As a nuclear-weapon state, China never evades its responsibility for and duty on nuclear disarmament. China has all along advocated the complete prohibition and thorough destruction of nuclear weapons, and has unconditionally undertaken not to be the first to use nuclear weapons and not to use or threaten to use nuclear weapons against non-nuclear-weapon states or nuclear-weapon-free zones. China keeps a limited and efficient nuclear force for the purpose of deterring any nuclear attack against China. China's nuclear weapons do not pose threat to any country. China has always supported international nuclear disarmament efforts. We are in favor of dealing with nuclear disarmament in the Conference on Disarmament. China took an active part in the CTBT negotiations and signed the treaty among the first group of states. The Chinese government has already submitted CTBT to the National People's Congress (NPC) for review and approval. We hope that the treaty will be smoothly ratified by the NPC, but we also expect other countries concerned to create necessary external conditions for the ratification.
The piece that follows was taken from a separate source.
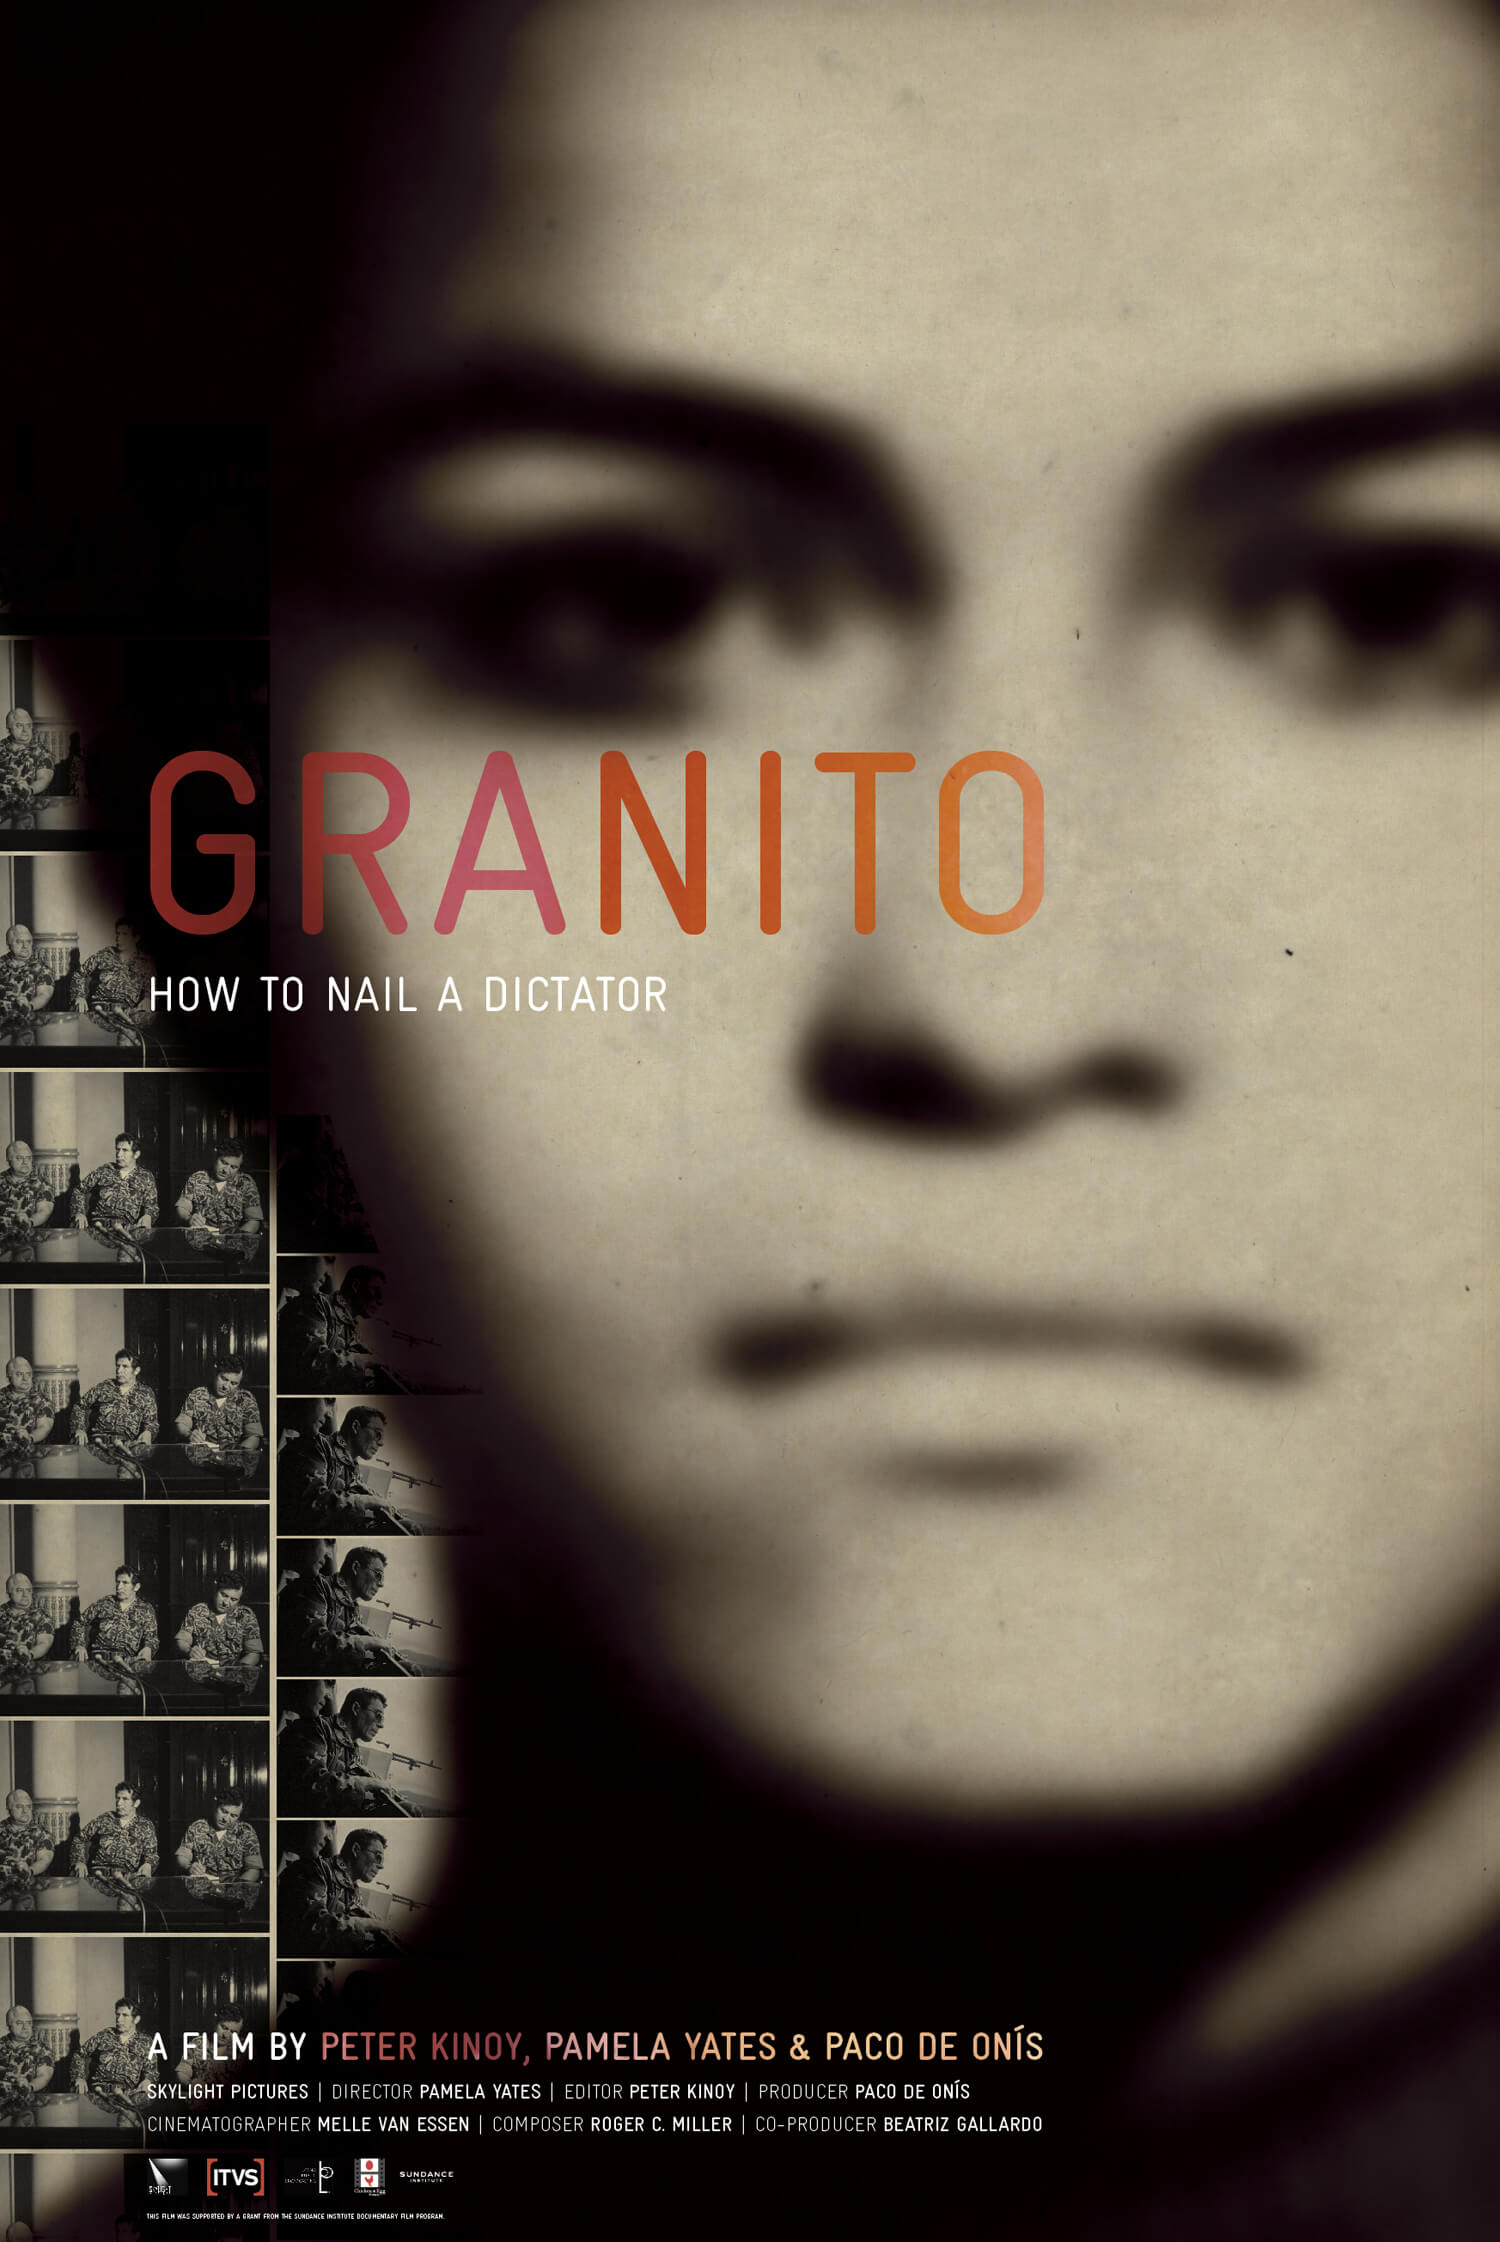 Poster of Granito. Black and white and out of focus close up of a woman's unsmiling face. Behind her, black and white photos of men in military uniforms are arranged in repeating vertical lines to look like a film roll. The graphics on the poster say the full name of the film: "Granito: How to Nail a Dictator." The poster includes text that reads: "A Film by Peter Kinoy, Pamela Yates & Paco de Onís."

China understands the good wishes of the large number of non-nuclear-weapon states on the issue of nuclear transparency. We are in favor of adopting appropriate and necessary transparency measures within the framework of eliminating nuclear weapons. Meanwhile, however, we hold that when addressing this issue, the enormous differences between nuclear-weapon states on nuclear strategy, nuclear force and security environment should be taken into consideration. Different states should be allowed to adopt different transparency measures at different stages. Only in such a way, can nuclear transparency measures really facilitate enhancing mutual trust and promoting security. Safeguarding and strengthening the strategic stability and the undiminished security for all states are the basic principles that must be followed.

Mr. Chairman,

China maintains that the early conclusion of a protocol to the BWC will be conducive to the strengthening and improvement of the international regime on the elimination and non-proliferation of weapons of mass destruction. China is in favor of concluding the protocol negotiations before the convening of the BWC Fifth Review Conference. What is more important, however, is to conclude a good protocol. To achieve such a goal, all parties should make joint efforts, including demonstrating necessary flexibility. The protocol negotiations should follow the principle of equality and strike a balance between rights and obligations. Declaration and verification measures should be formulated according to objective, just and scientific criteria instead of the prejudice or subjective judgment of a few countries. Any attempt to inspect others while exempting oneself, or to conduct more inspections on others while less on oneself, will only hamper and mislead the negotiation. Promoting international cooperation in the field of biology is an important aspect for comprehensively enhancing the effectiveness of the BWC. The countries concerned should undertake to abolish those export control cartels that are incompatible with the BWC or its protocol. This issue relates to the equal rights for state parties and future universality of the protocol, therefore, its proper settlement will have decisive impact on whether the protocol can be concluded.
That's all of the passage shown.